Metadata-Version: 2.4
Name: Datagenkit
Version: 0.1.1
Summary: A local Image Dataset Generator using smart augmentations and MobileNetV2 filtering.
Author: Jayavardhan
Classifier: Programming Language :: Python :: 3
Classifier: License :: OSI Approved :: MIT License
Classifier: Operating System :: OS Independent
Requires-Python: >=3.8
Description-Content-Type: text/markdown
License-File: LICENSE
Requires-Dist: torch
Requires-Dist: torchvision
Requires-Dist: albumentations
Requires-Dist: opencv-python-headless
Requires-Dist: scikit-learn
Requires-Dist: Pillow
Requires-Dist: tqdm
Requires-Dist: numpy<2
Requires-Dist: huggingface-hub
Requires-Dist: rembg[cpu]
Dynamic: author
Dynamic: classifier
Dynamic: description
Dynamic: description-content-type
Dynamic: license-file
Dynamic: requires-dist
Dynamic: requires-python
Dynamic: summary

# DatagenKit

DatagenKit is a robust, production-quality Image Dataset Generator Python Library and Command Line Tool. It effortlessly expands a small set of user-provided seed images into a larger, high-quality synthetic dataset using LLM-guided Generative Expansion, advanced Background Removal, lightweight geometric augmentations, and MobileNetV2 feature-based semantic filtering.

## 🚀 Features
- **Generative AI Expansion**: Seamlessly connect to Hugging Face Cloud APIs (FLUX) to predictably synthesize entirely new structural variants from your base seeds.
- **Dynamic Prompt Engineering**: Intercept your base textual prompts and use LLaMA-3.2 to rewrite them into dozens of unique, rich scenarios automatically.
- **Intelligent Subject Isolation**: Uses U-2-Net (`rembg`) to optionally strip out backgrounds, ensuring your downstream models learn the subject and not the background (preventing shortcut learning).
- **Smart Augmentations**: Uses `albumentations` for geometric and photometric transformations natively on 4-channel transparent PNGs.
- **Pretrained Filtering**: Uses MobileNetV2 for feature extraction and Cosine Similarity to discard any unrealistic or overly-distorted augmentations.
- **Headless CLI & Library**: Designed natively for automated MLOps pipelines.

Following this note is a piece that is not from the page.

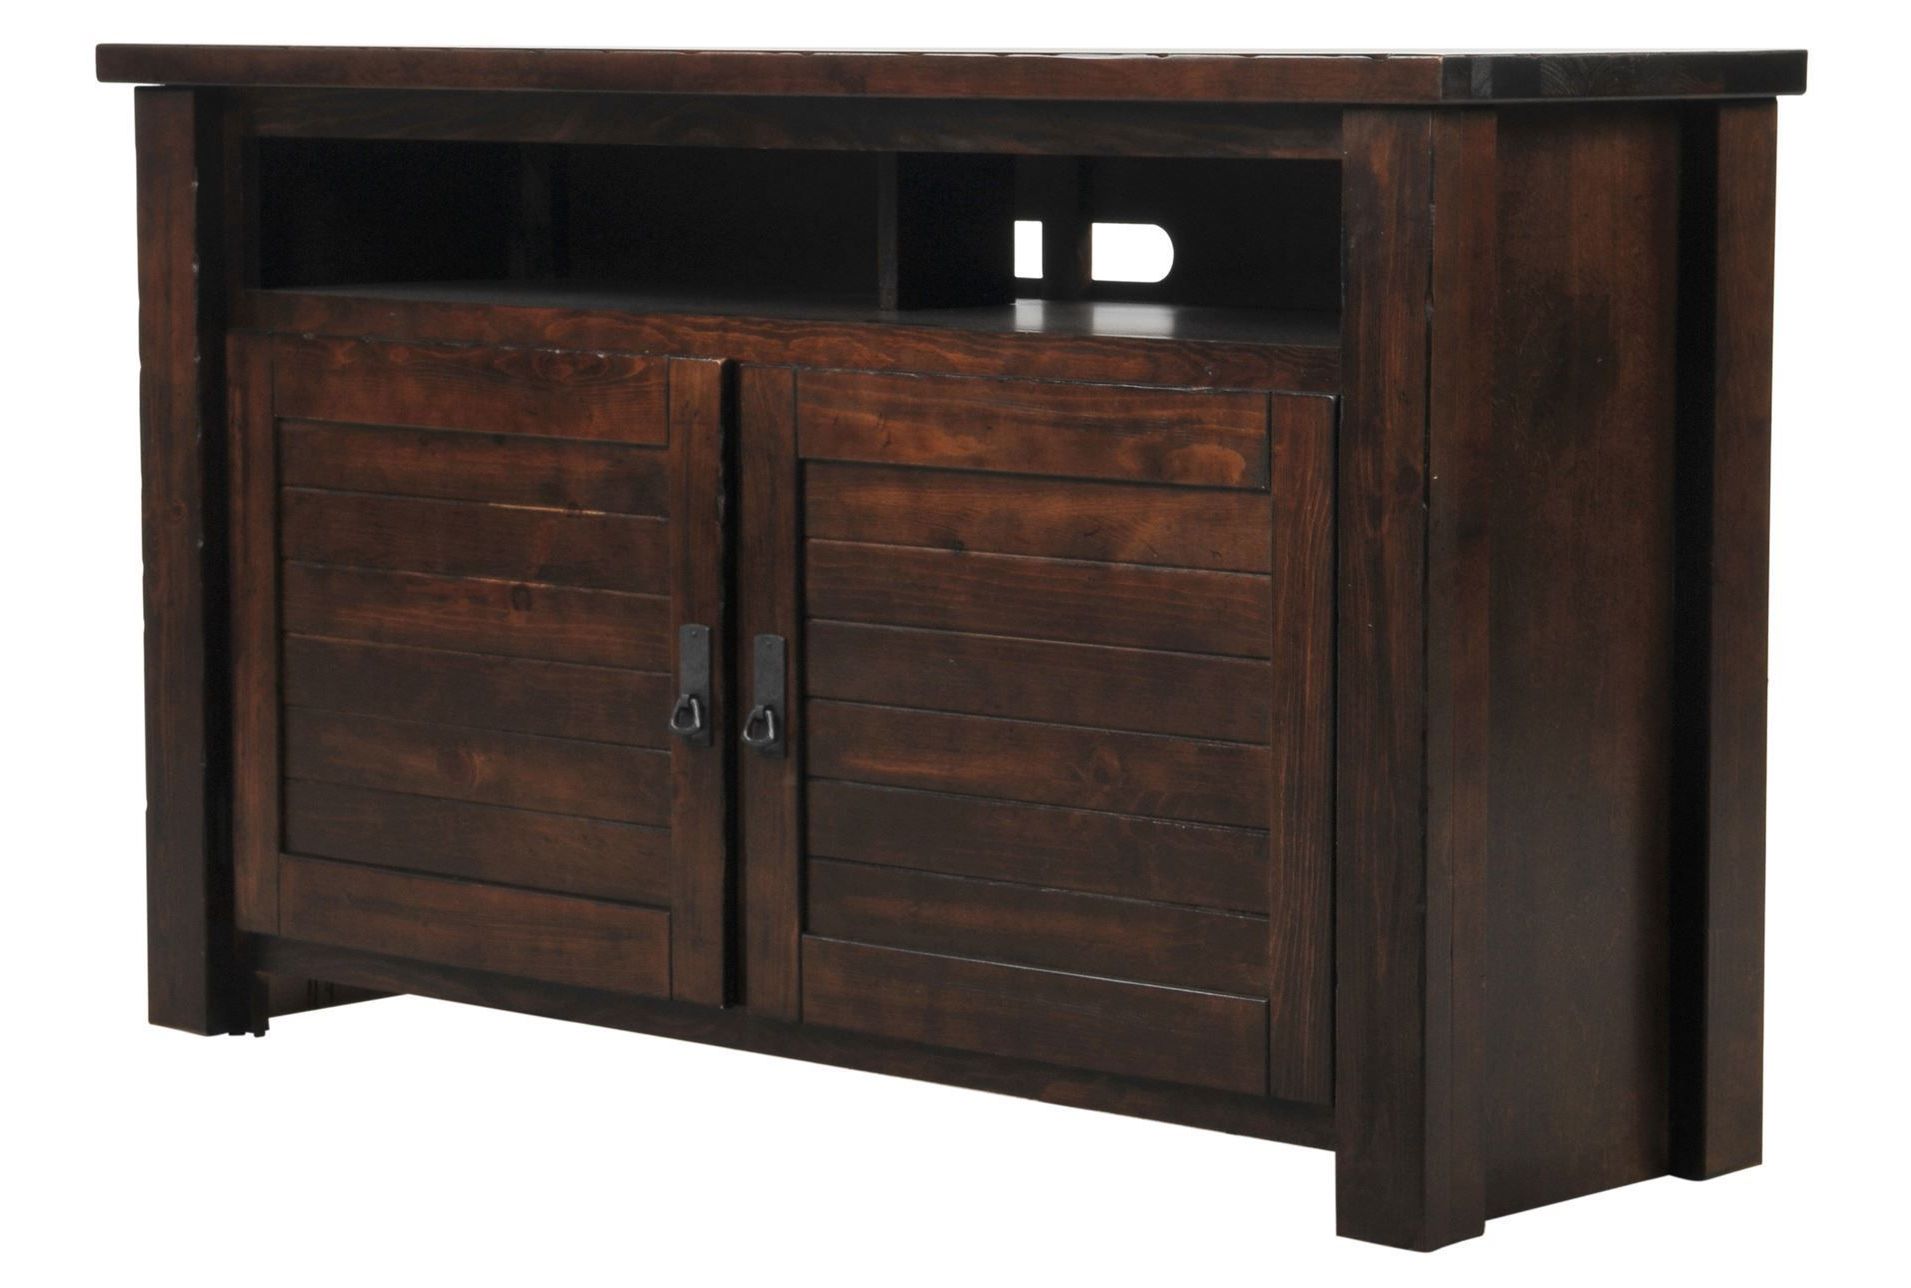 Canyon 54 Inch Tv Stand | Media | Living Spaces Furniture, Living In Canyon 54 Inch Tv Stands (View 2 of 20)

Completely terminal driven with a flexible Python API.

---

## 📦 Installation

To use DatagenKit globally as a CLI tool or import it into your Python environment, install it via pip:

```sh
# Clone the repository and install it globally
git clone <your-repo-url>
cd datagenkit
pip install -e .
```

*Note: DatagenKit installs `datagenkit` into your PATH automatically.*

---

## 💻 Usage: Command Line Interface (CLI)

DatagenKit provides a rich, deeply configurable CLI. You can view all available arguments anytime:
```sh
datagenkit --help
```

### Basic Generation (Augmentations & Filtering Only)
```sh
datagenkit --input-dir my_seed_images/ --output-dir generated_dataset/ --target-count 250
```

### Advanced Pipeline (AI Expansion + Background Removal)
```sh
datagenkit -i my_seed_images/ -o final_dataset/ -n 250 \
  --enable-isolation \
  --enable-ai \
  --hf-api-key "hf_your_token_here" \
  --ai-prompt "A highly detailed cat sitting on a rug" \
  --enable-dynamic-prompts
```

---

## 🐍 Usage: Python API

If you are building your own Python scripts, custom data-loaders, or Jupyter Notebooks, you can import DatagenKit directly:

```python
from datagenkit.pipeline import run_datagen_pipeline

# Run the complete, end-to-end dataset synthesizer
stats = run_datagen_pipeline(
    input_dir="my_seed_images/",
    output_dir="final_dataset/",
    target_count=250,
    similarity_threshold=0.75,
    
    # Advanced ML Features
    enable_isolation=True,      # Automatically remove backgrounds natively
    enable_ai=True,             # Generate new variants via FLUX API
    hf_api_key="hf_xxx",        # Your HuggingFace Token
    ai_prompt="A photo of a dog",
    enable_dynamic_prompts=True # Let LLaMA-3.2 enrich the prompt into variations
)

print(f"Generation Complete! Stats: {stats}")
```

## 🛠 Prerequisites

- Python >= 3.8
- A Hugging Face account & Access Token (Only required if you enable AI Expansion capabilities).